Лети мне навстречу (в лицо), степной ветер!Скачи вперед, мой верный (надежный) скакун!

Наш поэт, побродив по своей малогабаритной однокомнатной квартире, перетолковывал так:

Скрипи, седло мое, скрипи –Скачу я по родной степи!

И так – три тысячи двести пятьдесят шесть строк…

Мучаясь оттого, что за переложением подстрочников и прочей кормящей поденщиной совершенно заброшено свое, кровное творчество, Самородин пошел в ванную, где Вера в несколько рядов развесила выстиранное белье. Пробравшись к умывальнику, он взглянул в зеркало и очень себе не понравился: несвежее лицо, взлохмаченные волосы, тоскливый взгляд… Но, совершая водные процедуры, наш поэт постепенно открывал в своей внешности все новые и новые достоинства, а вышел из ванной в полной уверенности, что если бы он катался на горных лыжах, играл в большой теннис, плавал в бассейне и стригся у своего парикмахера, то имел бы вид не хуже, чем некоторые писатели-международники, измученные непрерывными разлуками с родиной.

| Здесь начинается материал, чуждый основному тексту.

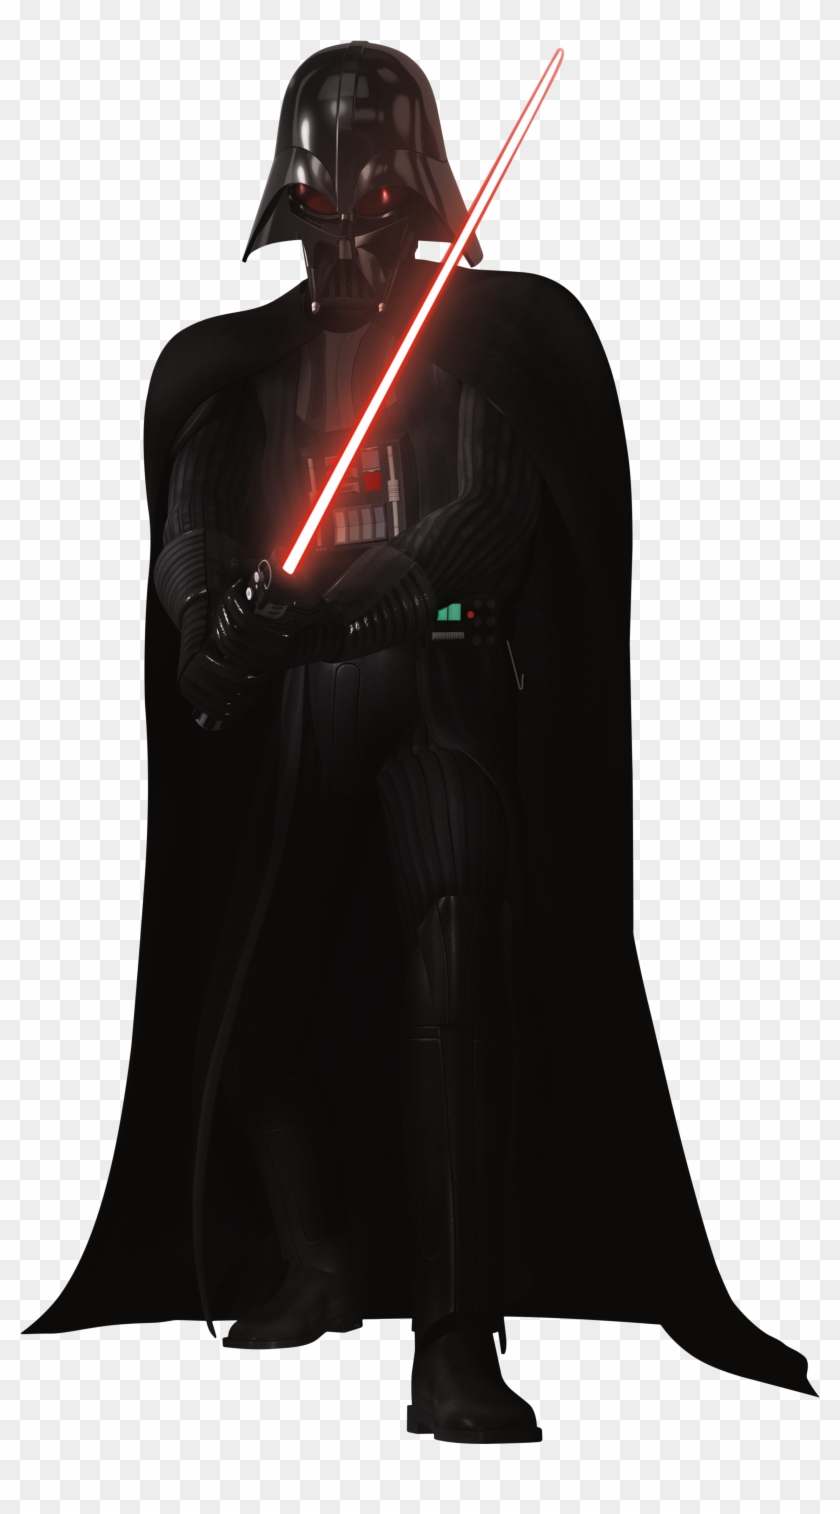 Darth Vader Png - Star Wars Rebels Darth Vader Png Clipart

Рассеянно позавтракав, Самородин снял с вешалки свое новое английское пальто, на которое Вера мужественно отдала половину алтын-батырского аванса, и отправился в детскую поликлинику, расположенную в соседнем квартале.

Внесем ясность. До пяти лет дочерью Катериной – Катенком – денно и нощно занималась теща, вдова строевого командира. Она увозила внучку к себе и низвергала на нее водопады требовательной нежности. Самородинские родители тоже очень любили Катенка, но на расстоянии. Им было некогда. Выйдя на пенсию, они все свободное время тратили на бурный разбор и шумный анализ различных недоразумений, накопившихся за сорок лет совместной жизни. В их Семью мог бы прийти мир, но Самородин-старший наотрез отказывался толком объяснить, где он находился в ночь с первого на второе мая 1955 года…

Теща, разумеется, была счастлива, что безраздельно владеет Катенком, но при случае любила туманно порассуждать о неких бессердечных людях, равнодушных к собственным внукам. Нашего поэта и его жену такое положение дел в общем-то устраивало, они даже начали забывать о том, что в малогабаритной однокомнатной квартире втроем жить невозможно, особенно если глава семьи – творческий работник, требующий покоя и уединения.

Но вот неделю назад Катенок с детской прямотой и объективностью заявила, что одинаково любит всех отпущенных ей природой бабушек. О-ди-на-ко-во! На следующий день теща в ультимативной форме отказалась держать у себя «самородинского подголоска». Наш поэт откровенно, в глаза назвал тещу «старой мясорубкой» и отказал ей от дома, а ребенка тут же переправил к родителям.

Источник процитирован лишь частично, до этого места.